Pittsburgh CLO delivers glitzy good time with Sister Act | Pittsburgh City Paper

Pittsburgh CLO delivers glitzy good time with Sister Act

click to enlarge A group of nuns stand together, joyfully singing
Photo: Matt Polk
Tamyra Gray leads the nuns from Pittsburgh CLO's Sister Act in song.

Pittsburgh CLO finishes its summer 2022 season with Sister Act, a rollicking musical adaptation of the hit 1992 film starring Whoopi Goldberg. Playing now through Sun., Aug. 14 at the Benedum Center, the musical  set in ‘70s Philadelphia, as opposed to the film’s setting of ‘90s San Francisco  follows a flashy nightclub singer who goes into Witness Protection as a nun in a stuffy convent, only to discover a higher calling for her showmanship.

Tamyra Gray brings down the house as Deloris van Cartier, a professional singer down on her luck. We meet her on Christmas Eve 1977 as she auditions in an empty nightclub for her mob boss boyfriend and his goons. Even though she and her backup performers, played by Kiara Lee and Saige Smith, give a terrific performance singing one of the show’s best numbers, “Take Me to Heaven,” Curtis, the boyfriend (Benjamin H. Moore), doesn’t seem at all interested in giving Deloris stage time.

The plot takes off when she witnesses Curtis kill a suspected police informant in his posse. Deloris flees to a Philadelphia police station for protection, where she encounters Eddie Souther (E. Clayton Cornelious), a bumbling cop who she knew from high school as “Sweaty Eddie,” an awkward kid who always had a crush on her. As Eddie, who eventually becomes Deloris’ love interest, Cornelious rescues an otherwise flat character with a goofy earnestness.

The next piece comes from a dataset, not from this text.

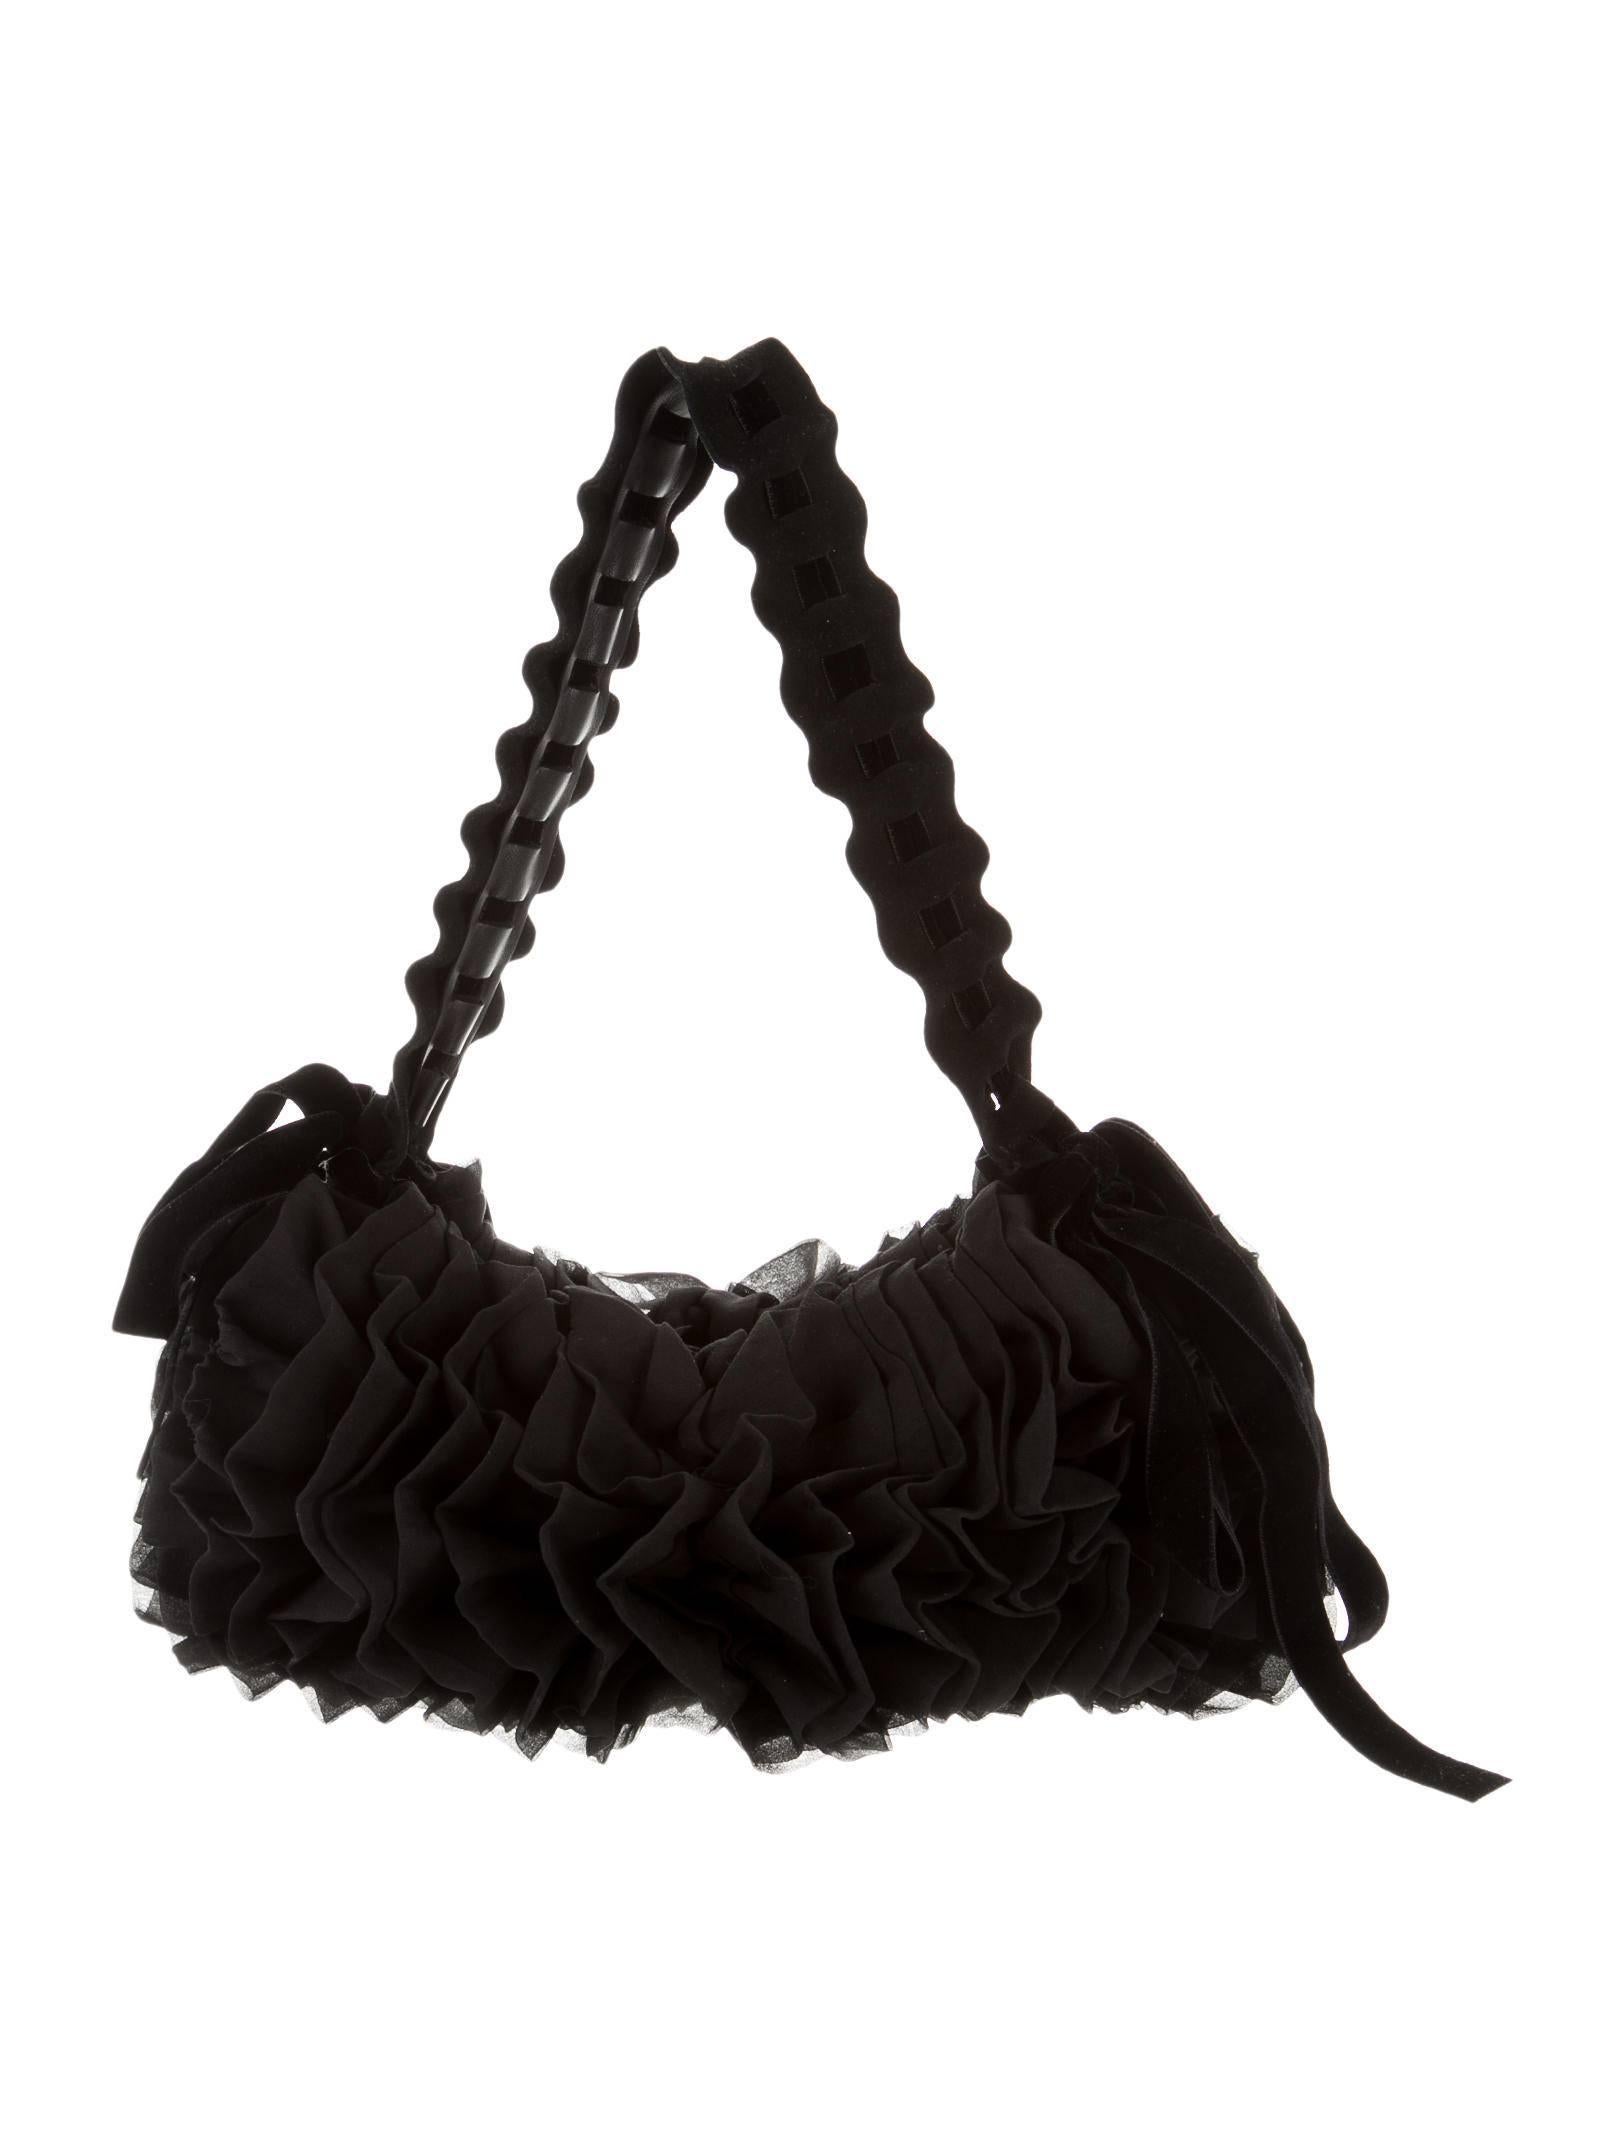 Black Tom Ford for Yves Saint Laurent Leather, Lace and Silk Evening Bag Fall 2003 For Sale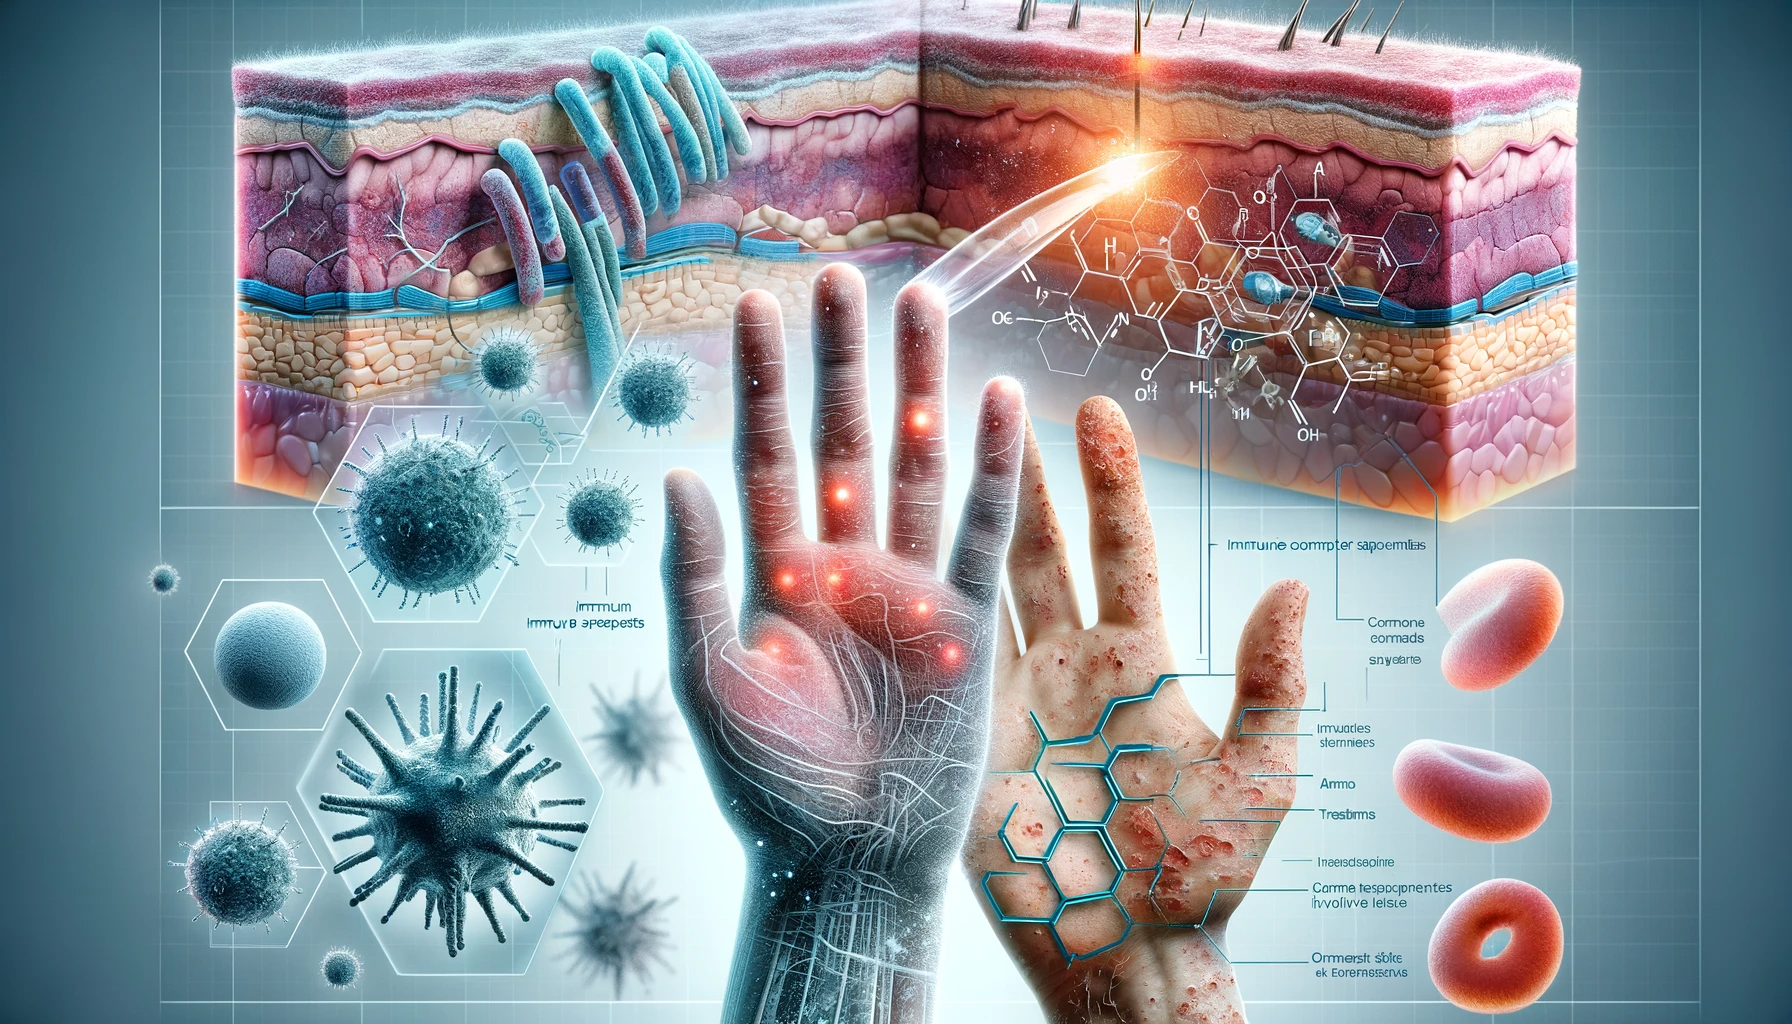 A detailed, educational illustration representing the science behind eczema. On one side of the image, there's a microscopic view of skin layers, vividly showing the inflamed and irritated structure typical of eczema, with reddened, swollen tissue. Beside it are molecular structures, symbolizing common treatments and immune responses involved in eczema. Adding a human touch to the scientific depiction, there's an image of a hand with visible eczema symptoms - red, irritated patches on the skin. The overall design merges medical imagery with real-life representation to convey the complexity of eczema.

Eddie convinces Deloris to testify against Curtis and ushers her to a nearby convent that is in no way ready or eager to receive her. The convent, Queen of Angels, features high-strung, mostly-white nuns led by an icy Mother Superior (Anne Tolpegin), and it’s immediately apparent Deloris doesn’t fit at all. Nonetheless, she goes “incognegro” as a nun named Sister Mary Clarence and moves in while she waits for Curtis to go to trial. Mother Superior soon realizes that she can keep Deloris out of her hair by putting her to work doing something she’s good at, singing in the convent’s truly dreadful choir.

click to enlarge Three men pose in a line in the middle of a dance number in CLO's Sister Act
Photo: Matt Polk

In short order, Deloris takes over the choir and coaxes first-rate vocal performances from her fellow sisters, transforming the group into a musical sensation that might save the convent from going broke, if Curtis and his gang don’t find Deloris first. Curtis’ surprisingly funny and likable henchmen, TJ (Tré Frazier), Joey (Davis Wayne), and Pablo (Robert Ariza), comb Philadelphia looking for Deloris, and, once they locate her, shine in a second act number about how they would each go about seducing their way into the convent (“Lady in the Long Black Dress”).

The production’s design frames these performances in a thoughtful and appealing color palette curated by set designer Adam Koch, lighting designer Paul Miller, and costumer Lez Brotherston. Lilacs and blues occasionally come to life with contrasting yellows, greens, oranges, and reds as Deloris navigates Philadelphia’s nightlife, and as the sisters discover and embrace their passion for song. An intricate set by Koch features gorgeous stained glass inside the convent and bleak, but not dull Philadelphia streets outside of it

In the show’s best songs, composer Alan Menken’s music accomplishes the curious task of presenting new songs that sound like they already exist, like the opening number “Take Me to Heaven,” the crowd-pleaser “Raise Your Voice,” and “When I Find My Baby," Curtis’ bouncy Motown love song about how badly he wants to find Deloris so he can kill her. Robbie Roby’s snappy choreography excels in numbers that pull from the history of pop and soul background dancing to make CLO’s Sister Act an unexpectedly glitzy good time.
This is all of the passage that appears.